На этом тогда разговор прервался. Да и что ему на похабщину ответить? А откровение Шкребло выглядело настолько нелепо, что слов не находил для опровержения. Далее я услышал суждения совсем невероятные.

— Послушай, Иван Александрович, — рассуждал я в следующую встречу. — И хочется тебе терпеть постоянные унижения, чтобы до отрыжки набить брюхо? Посмотри, во что ты превратил себя: грязный, вонючий… Тебя сторонятся и избегают все. И спишь ты не на нарах, как положено любому советскому заключённому, а где попадя. Не обижайся, но так ведут себя только животные. Ты сам себя не уважаешь. Поэтому и к тебе так относятся — с презрением. И даже — отвращением. Неужели тебе не обидно?

— Насрал я на всех, — сказал он скучным голосом. — Мне — хорошо, а остальные — пущай сдохнут. Я видал тыщи, которые подохли. Они тоже разбирались, как жить: по-человечески, не по-человечески. Они подохли, а я — живой.

И добавил:

— Капитально повезло нам — в хорошем лагере кантуемся.

Меня словно током дёрнуло — вспомнился чистюля-лейтенант, опер. Что на «Камушек» меня упёк. Вкупе с Толиком.

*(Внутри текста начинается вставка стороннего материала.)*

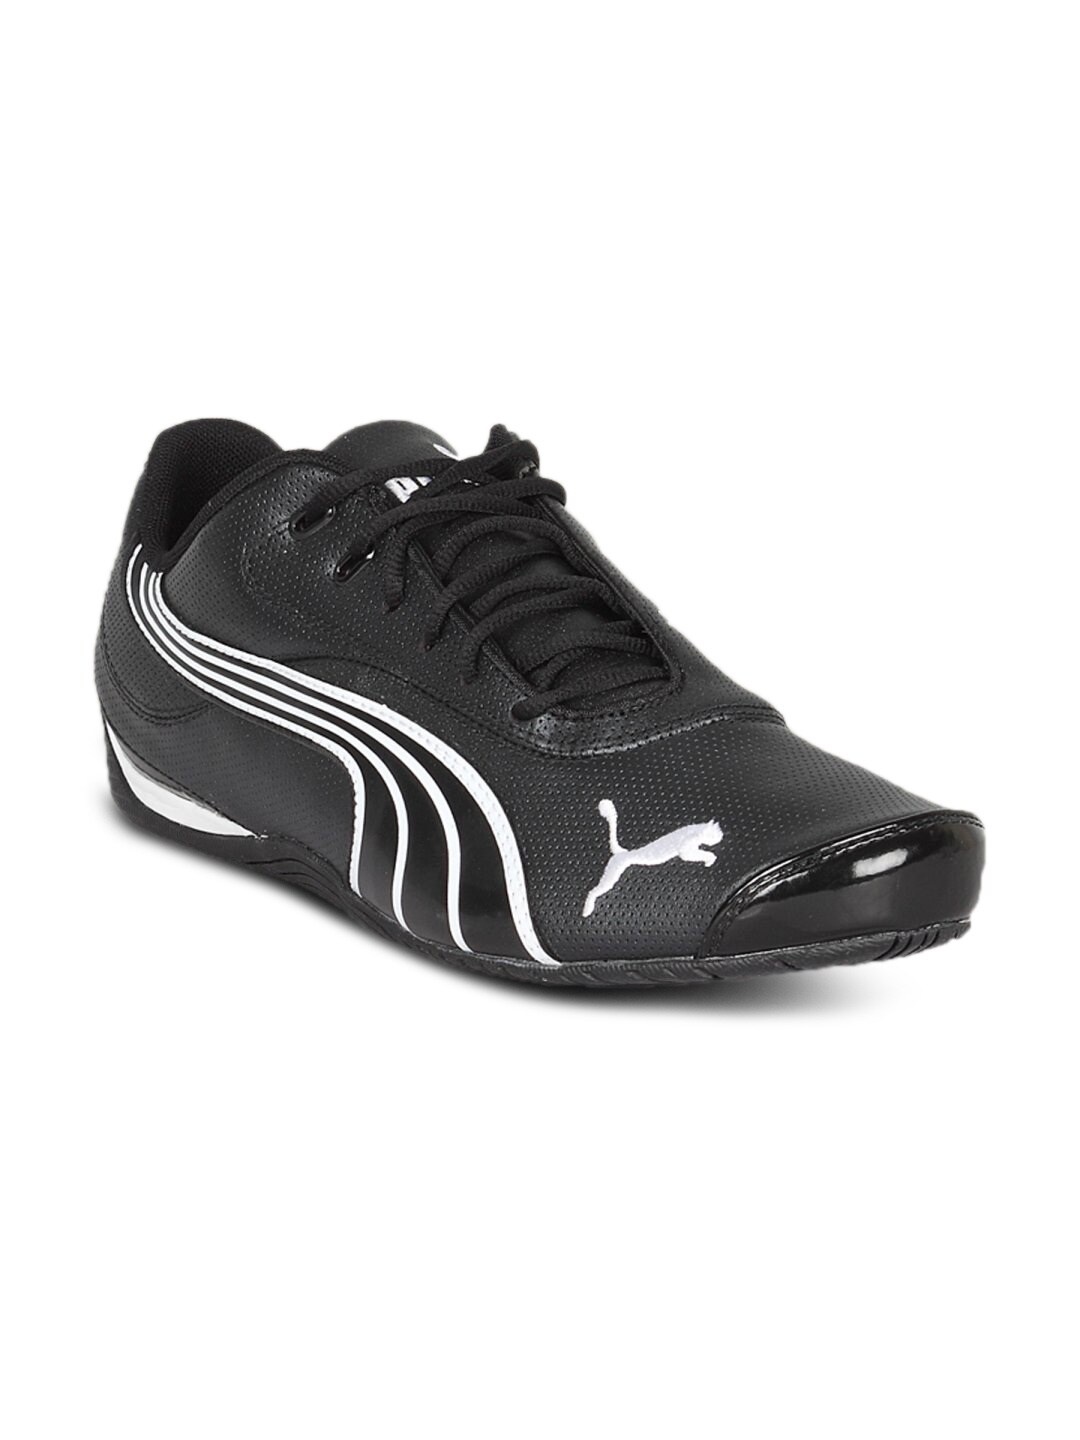 Puma Men's Drift Cat Black Shoe

— Да разве может быть хорошо — в лагере?! — воскликнул я. — Это же — тюрьма! Неволя! А в неволе даже звери тоскуют и не выдерживают, иногда — гибнут. А ты — человек! И ты доказываешь, что тебе хорошо в лагере!

— Блядь буду, наш — хороший лагерь. Здесь всё есть: жратва, одёжа, тепло. Живи и гужуйся. В Печёрлаге я был, во — локшовый[244] лагерь. Не дай бог! Нас туда, «комсомольцев», две с лихуем[245] тыщи завезли на барже летом. А к весне осталось — триста. И те — дистрофики и цинготики. Всю траву, какая в зоне выросла, съели. С землёй выгрызли. На коленках ползали, выискивали. Из запретки, если где зелень пробилась, и ту выщипывали. Это был локшовый лагерь. А наш — курорт!

Мне почему-то показалось, что подобное я слышал от кого-то другого, причём почти дословно. Что это? Не понимаю. Какое-то сумасшествие.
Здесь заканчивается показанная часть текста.